I like to talk about small mistakes I’ve made. I’m a big proponent of psychological safety, and as a champion for it, I think it’s very important to talk about times you’ve slipped up or done something dumb. We all make mistakes, and there are times when you feel silly for doing something.
This is one of those times.
I recently merged a large pull request in Envoy that required a lot of work. It was so satisfying to see the approvals come in, and that final moment where the PR finally merged was so gratifying after many months, many delays, and many revisions.
It was, at least, until I got a few GitHub notifications:
@AlexanderEllis we’re reverting this because it broke CI on main. Can you figure out what broke and re-submit the PR with a fix? The easiest-to-review way to do that is to revert this revert, then add another commit with whatever fix needs to be made.
Ah, that satisfying feeling, quickly replaced by “oh shit I broke the build for a big public project”, the satisfaction vanishing into the afternoon breeze. Not the end of the world, but I hate that feeling, especially as it meant other PRs were blocked.
Scoping out the error was illuminating, but mostly because I’ve been desensitized to this sort of error message.

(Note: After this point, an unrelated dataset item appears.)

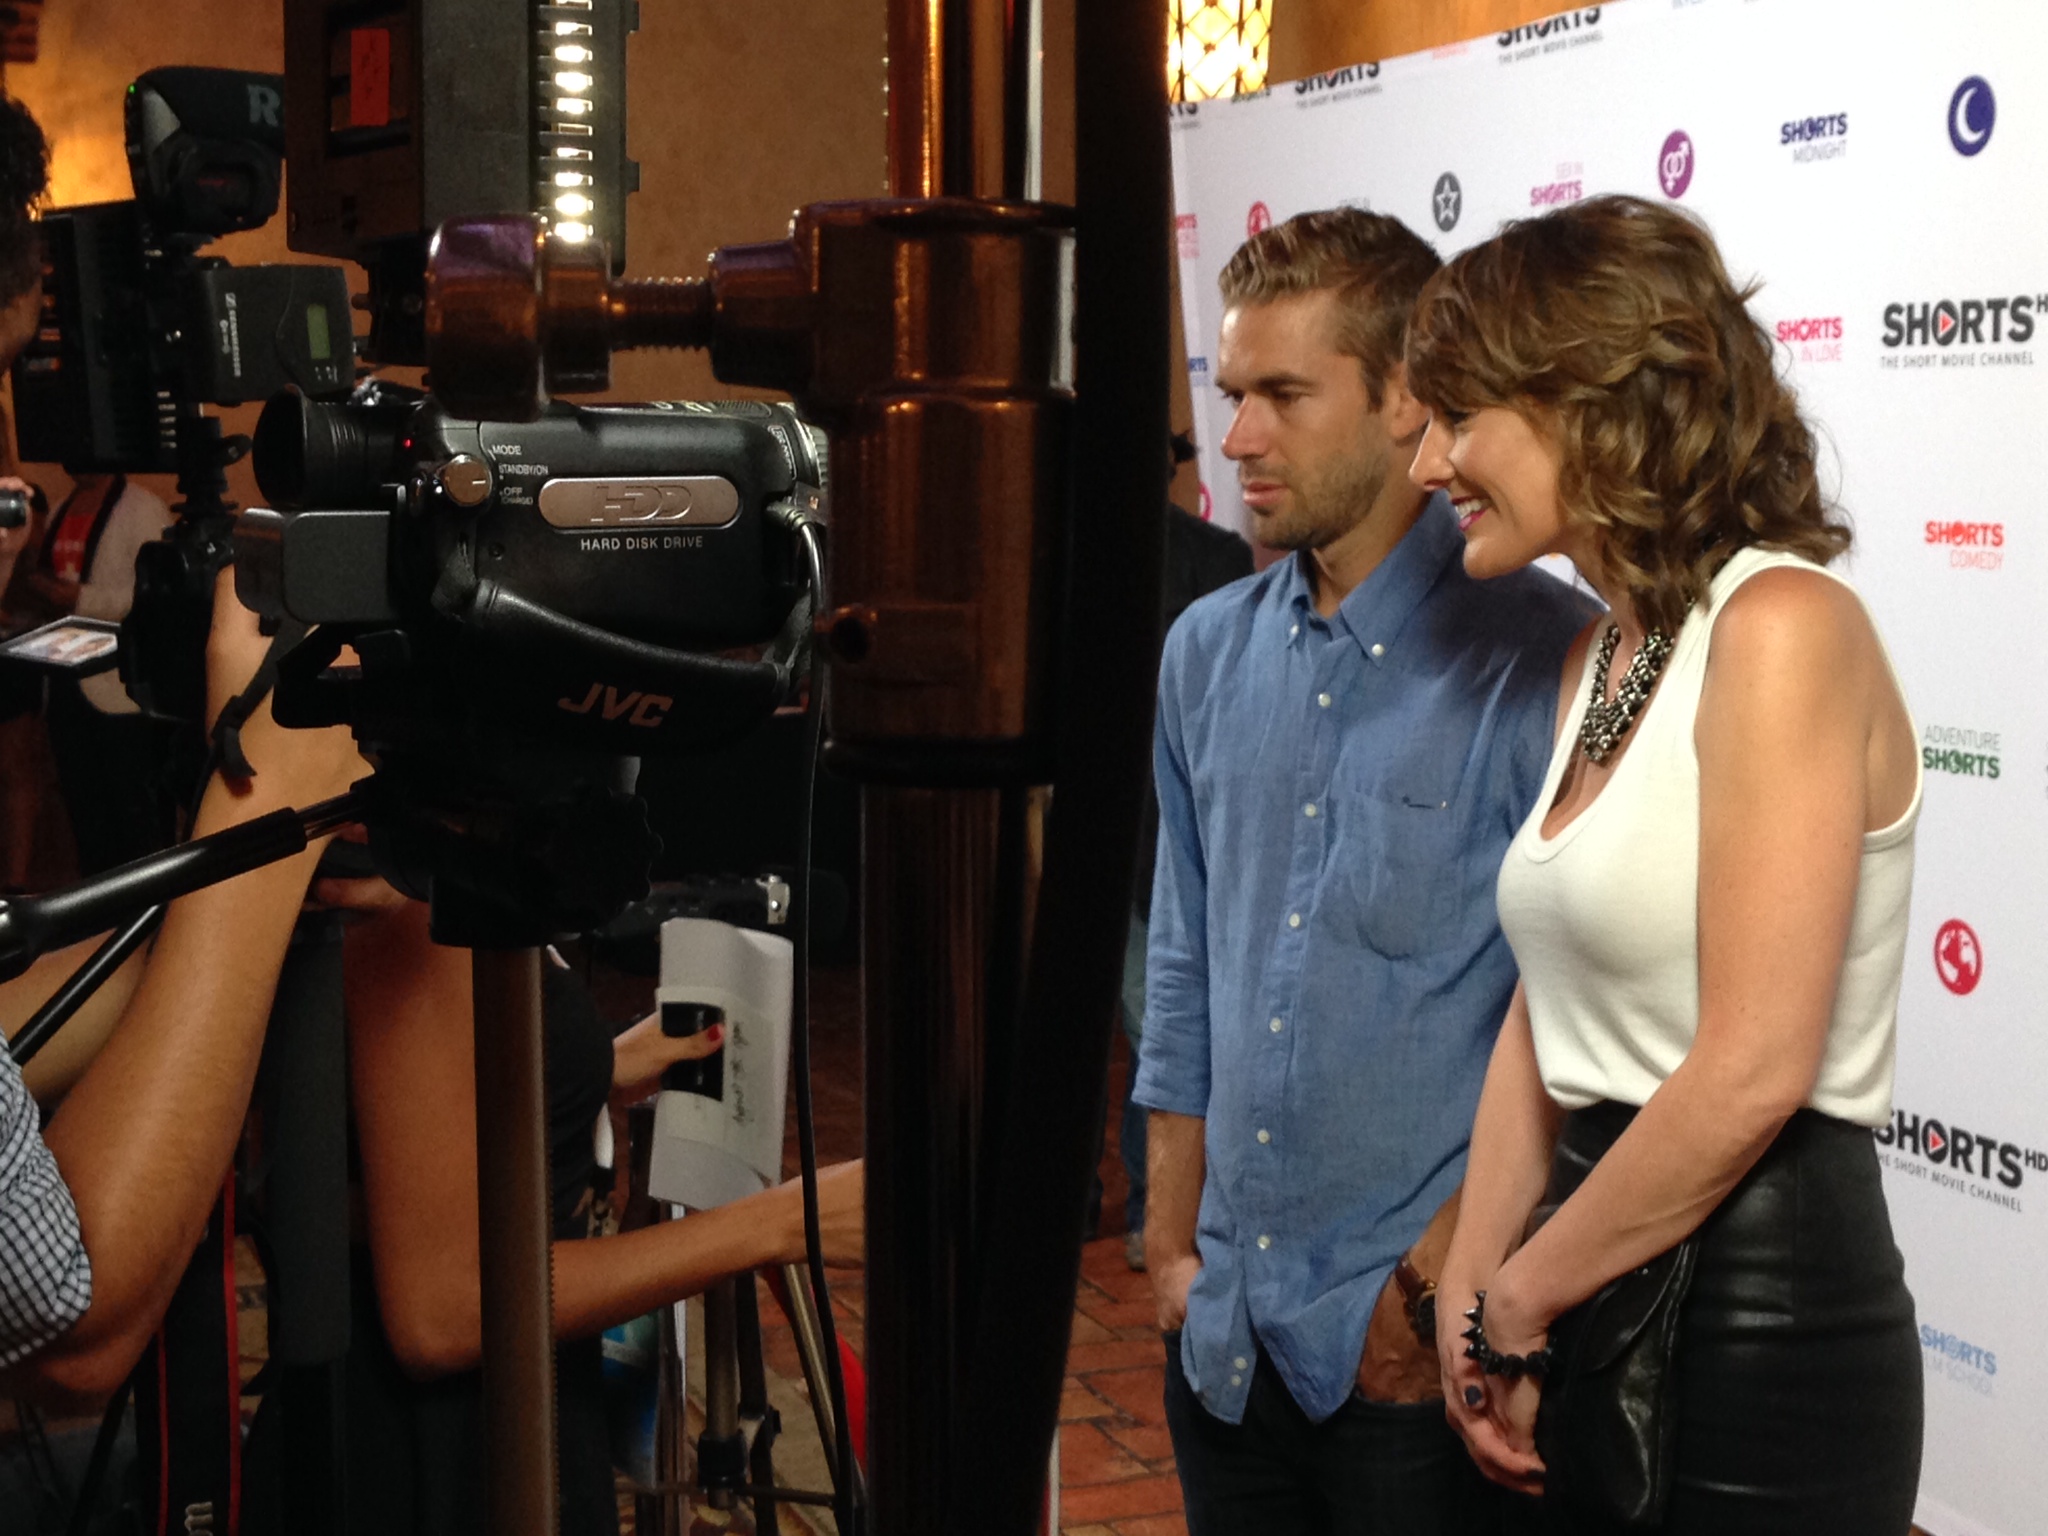 Writer Sunah Bilsted and Director Brett Sorem being interviewed about #twitterkills at HollyShorts Film Festival 2014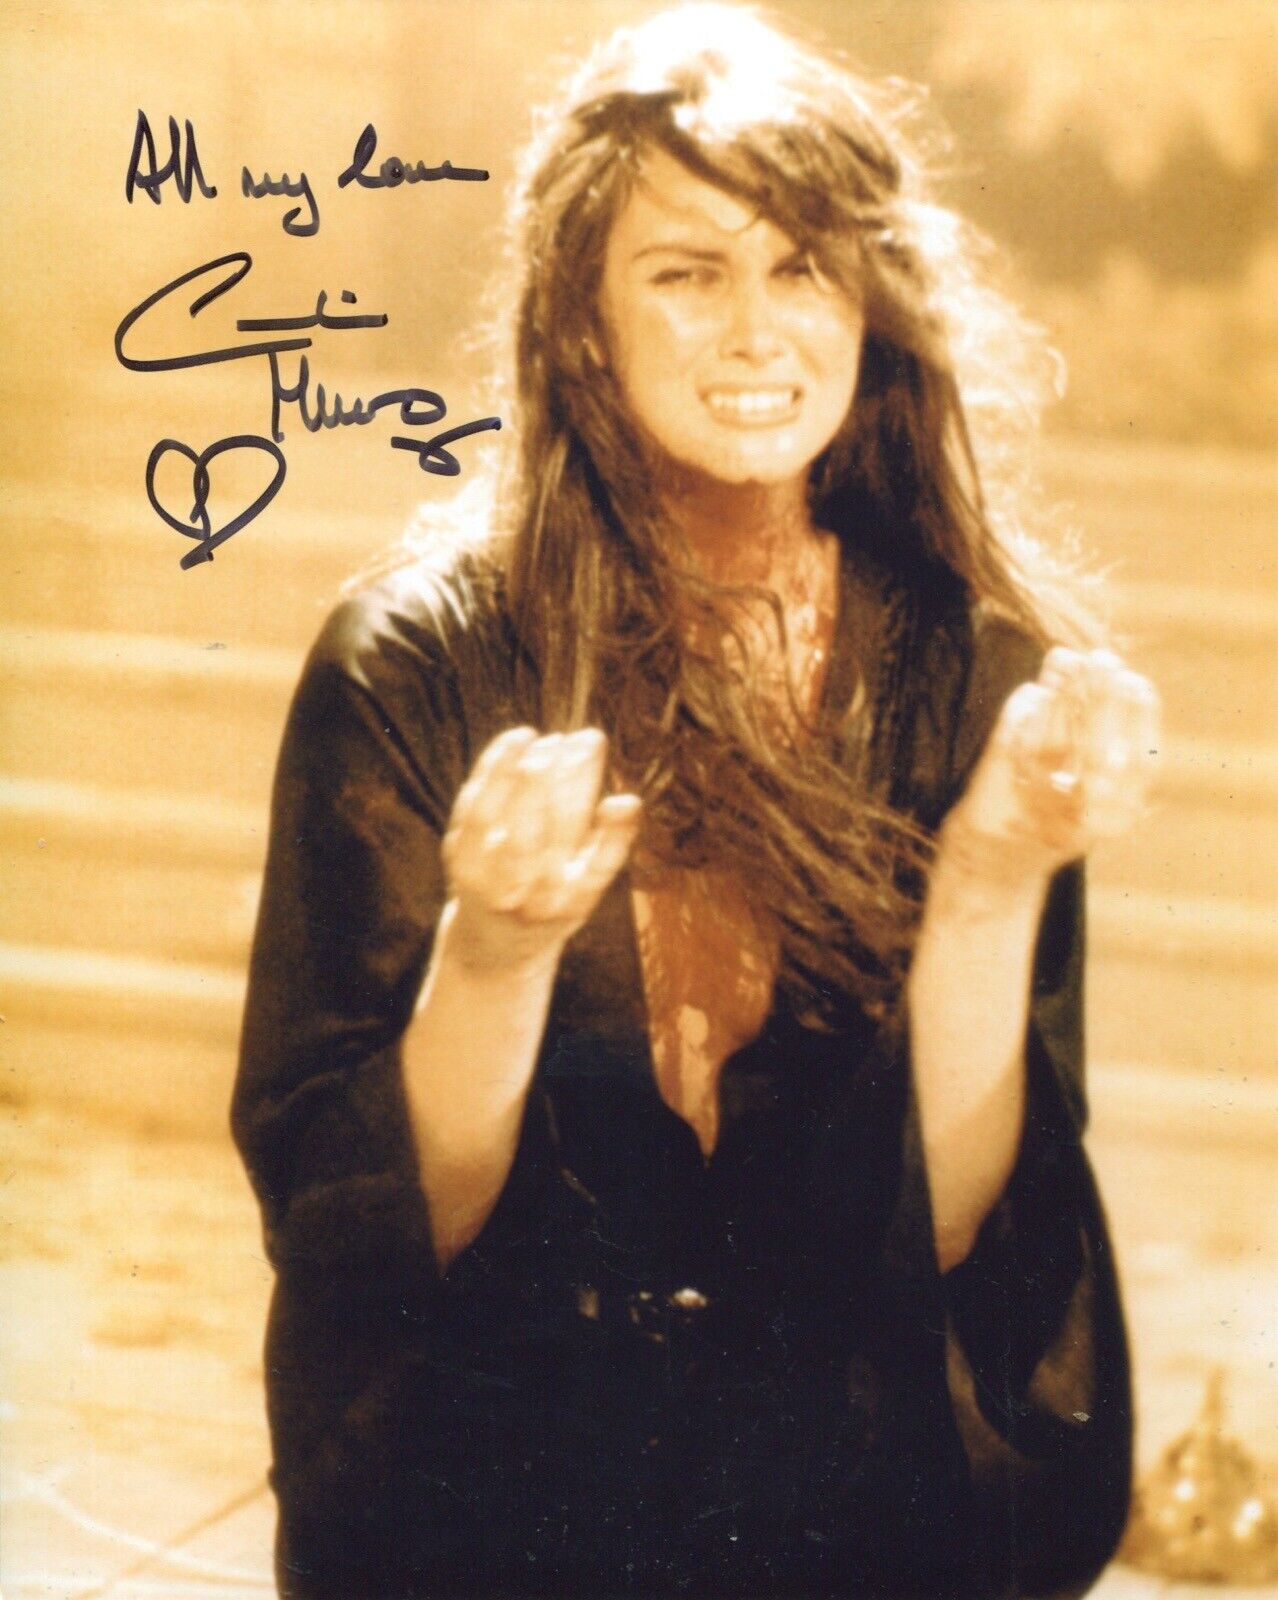 007 Bond girl Caroline Munro signed movie scene 8x10 photo. All autographs come with a Certificate

... [ RUN ] GrpcAccessLoggerCacheImplTest.LoggerCreationResourceAttributes unknown file: Failure C++ exception with description "Protobuf message (type opentelemetry.proto.collector.logs.v1.ExportLogsServiceRequest reason INVALID_ARGUMENT:(resource_logs.instrumentation_library_logs) logs: Cannot find field.) has unknown fields" thrown in the test body. test/extensions/access_loggers/open_telemetry/grpc_access_log_impl_test.cc:51: Failure Actual function call count doesn't match EXPECT_CALL(*async_client, startRaw(_, _, _, _))... Expected: to be called once Actual: never called - unsatisfied and active Stack trace: 0xf9f9ff: testing::internal::GoogleTestFailureReporter::ReportFailure() 0xfa25ca: testing::internal::UntypedFunctionMockerBase::VerifyAndClearExpectationsLocked() 0x6bab7e: testing::internal::FunctionMocker<>::~FunctionMocker() 0x6bac9d: Envoy::Grpc::MockAsyncClient::~MockAsyncClient() 0x6bacbe: Envoy::Grpc::MockAsyncClient::~MockAsyncClient() 0x6b5961: Envoy::Extensions::AccessLoggers::Common::GrpcAccessLogger<>::~GrpcAccessLogger() 0x6b6b81: Envoy::Extensions::AccessLoggers::Common::GrpcAccessLoggerCache<>::ThreadLocalCache::~ThreadLocalCache() 0x90b59a: Envoy::ThreadLocal::MockInstance::SlotImpl::~SlotImpl() 0x90b5fe: Envoy::ThreadLocal::MockInstance::SlotImpl::~SlotImpl() 0x6b41aa: Envoy::Extensions::AccessLoggers::OpenTelemetry::(anonymous namespace)::GrpcAccessLoggerCacheImplTest::~GrpcAccessLoggerCacheImplTest() 0x6b425e: Envoy::Extensions::AccessLoggers::OpenTelemetry::(anonymous namespace)::GrpcAccessLoggerCacheImplTest_LoggerCreationResourceAttributes_Test::~GrpcAccessLoggerCacheImplTest_LoggerCreationResourceAttributes_Test() 0xfb49dc: testing::internal::HandleExceptionsInMethodIfSupported<>() 0xfb5894: testing::TestInfo::Run() 0xfb65e9: testing::TestSuite::Run() ... Google Test internal frames ...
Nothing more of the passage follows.